It is noted that references in the specification to “one embodiment,” “an embodiment,” “an example embodiment,” “exemplary,” “example,” etc., indicate that the embodiment described may include a particular feature, structure, or characteristic, but every embodiment may not necessarily include the particular feature, structure, or characteristic. Moreover, such phrases do not necessarily refer to the same embodiment. Further, when a particular feature, structure or characteristic is described in connection with an embodiment, it would be within the knowledge of one skilled in the art to affect such feature, structure, or characteristic in connection with other embodiments whether or not explicitly described.

It is to be understood that the phraseology or terminology herein is for the purpose of description and not of limitation, such that the terminology or phraseology of the present specification is to be interpreted by those skilled in relevant art(s) in light of the teachings herein.

The following disclosure provides many different embodiments, or examples, for implementing different features of the disclosed subject matter.
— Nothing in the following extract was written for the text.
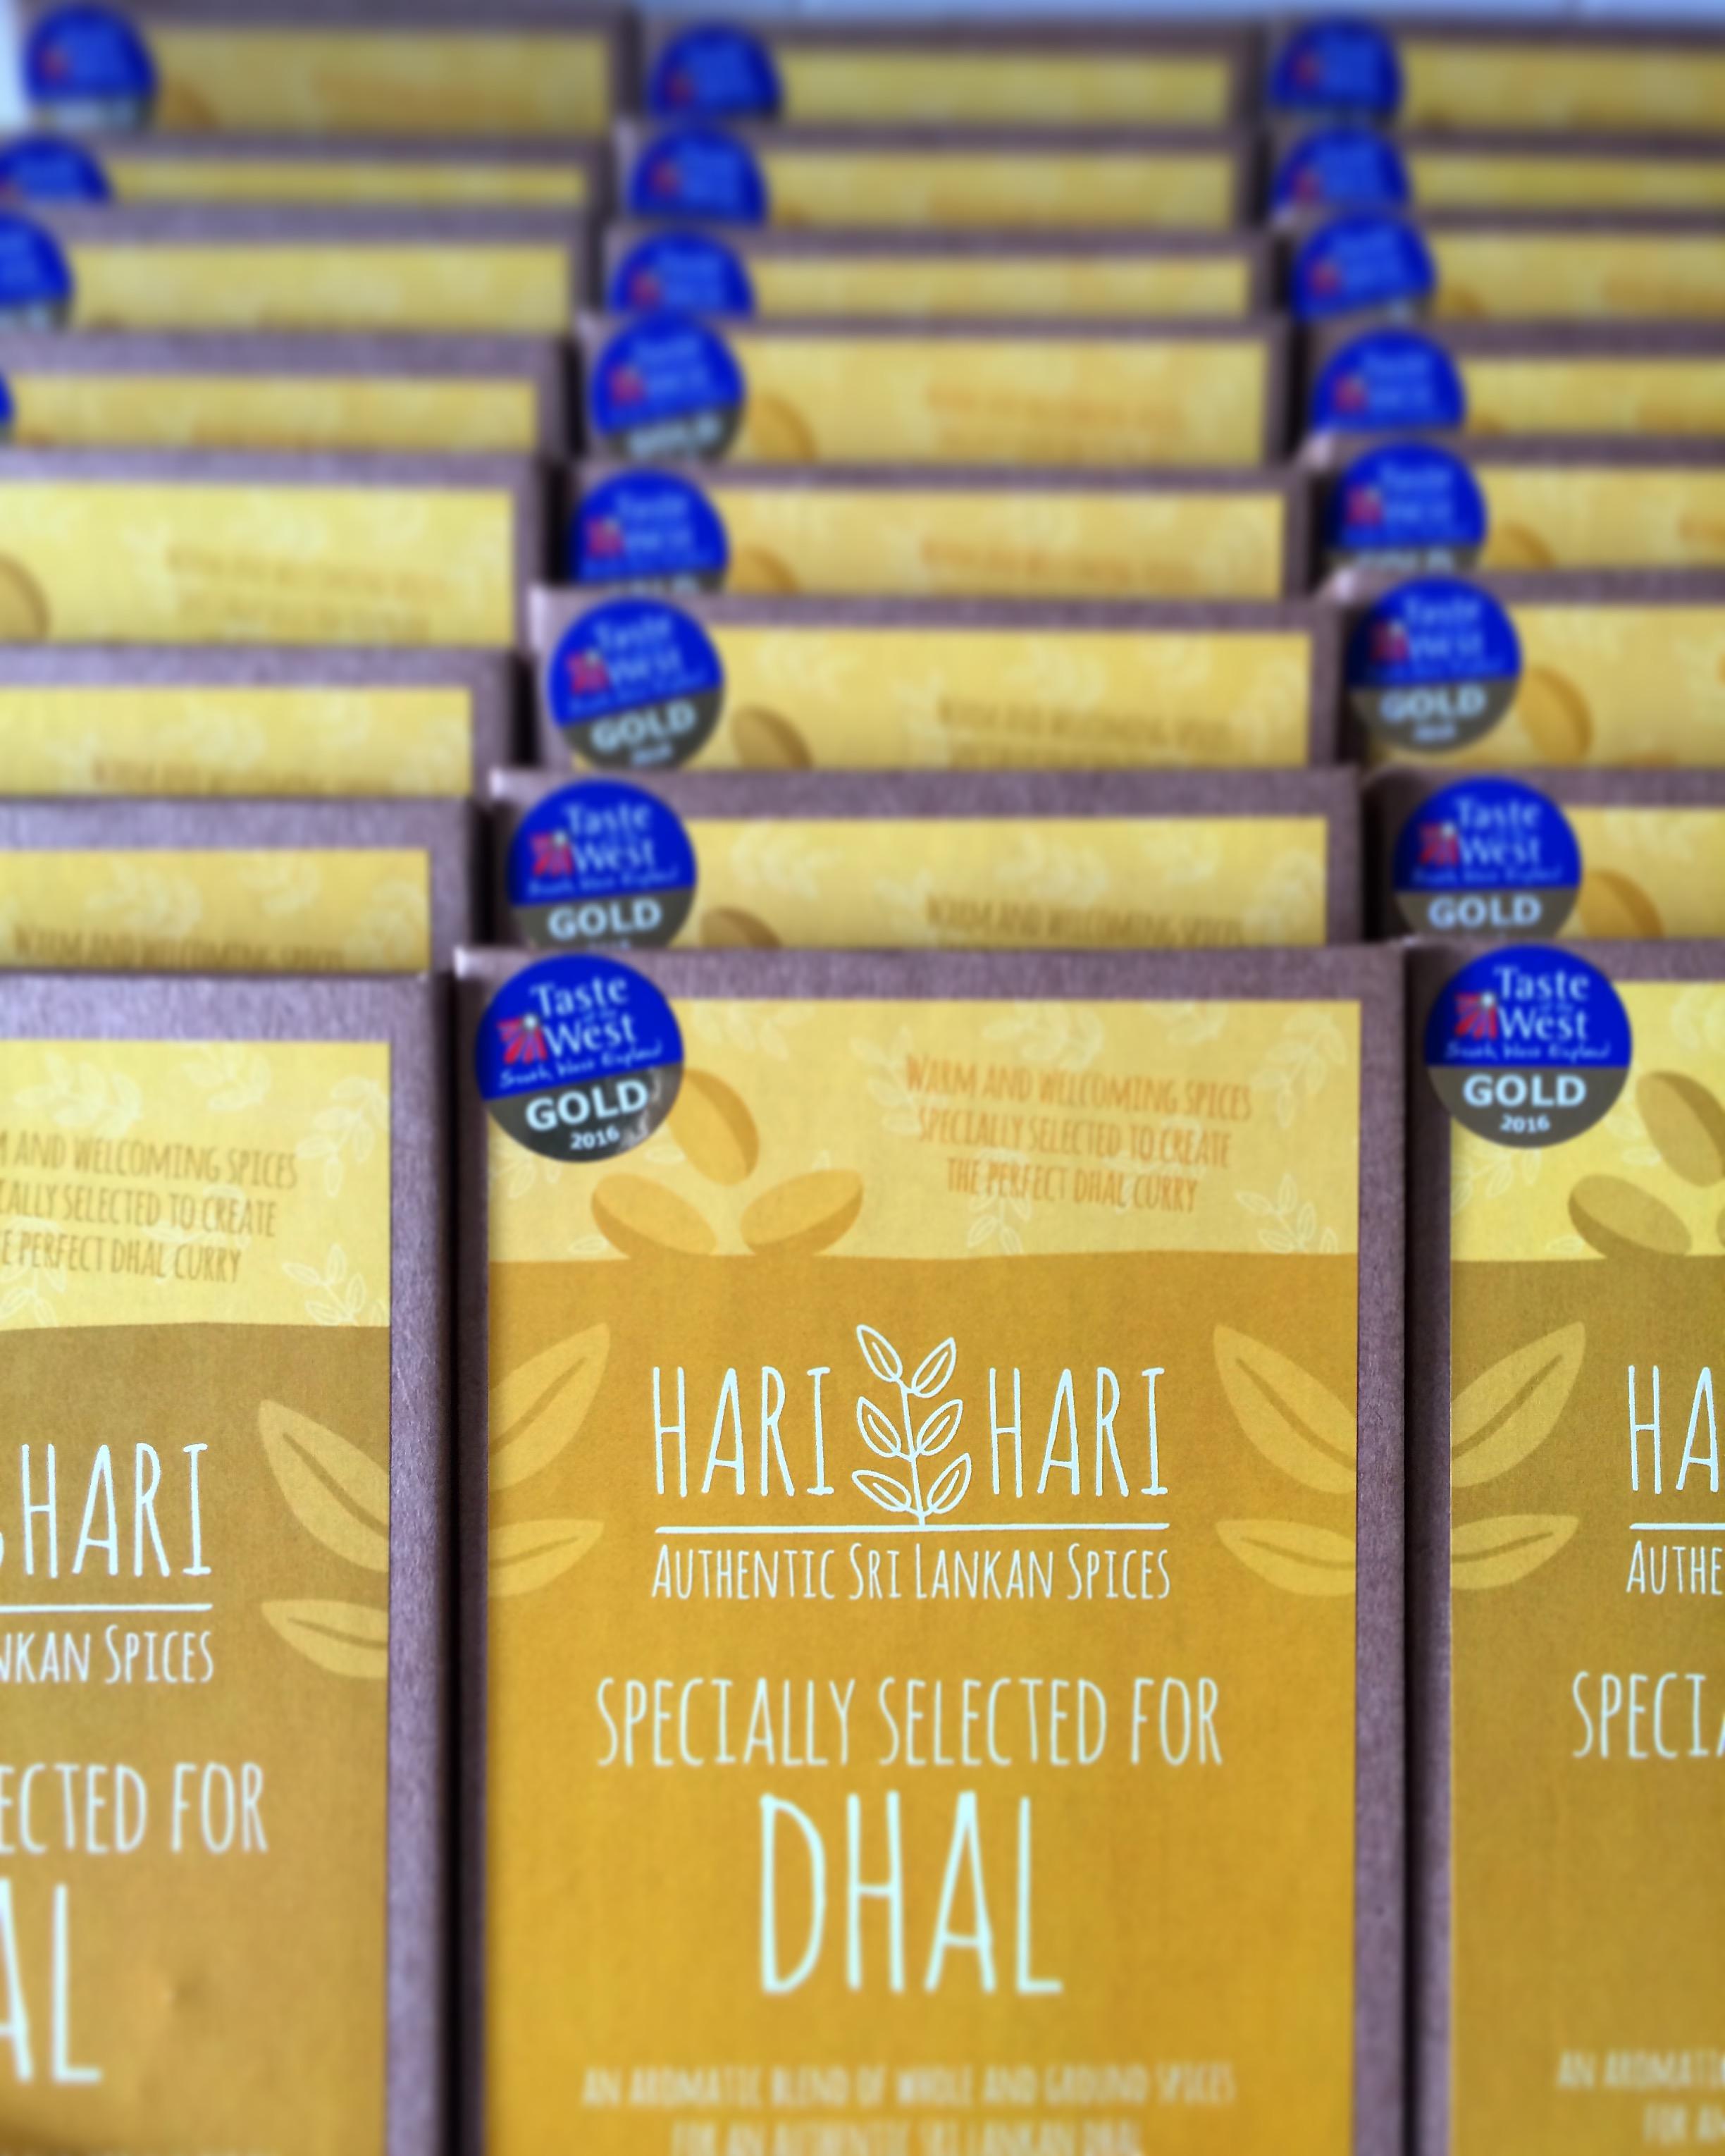 Our Story - Hari Hari

Specific examples of components and arrangements are described below to simplify the present disclosure. These are, of course, merely examples and are not intended to be limiting. For example, the formation of a first feature over or on a second feature in the description that follows may include embodiments in which the first and second features are formed in direct contact and may also include embodiments in which additional features may be formed between the first and second features, such that the first and second features may not be in direct contact. Throughout the description herein, unless otherwise specified, the same reference numeral in different figures refers to the same or similar component formed by a same or similar method using a same or similar material(s).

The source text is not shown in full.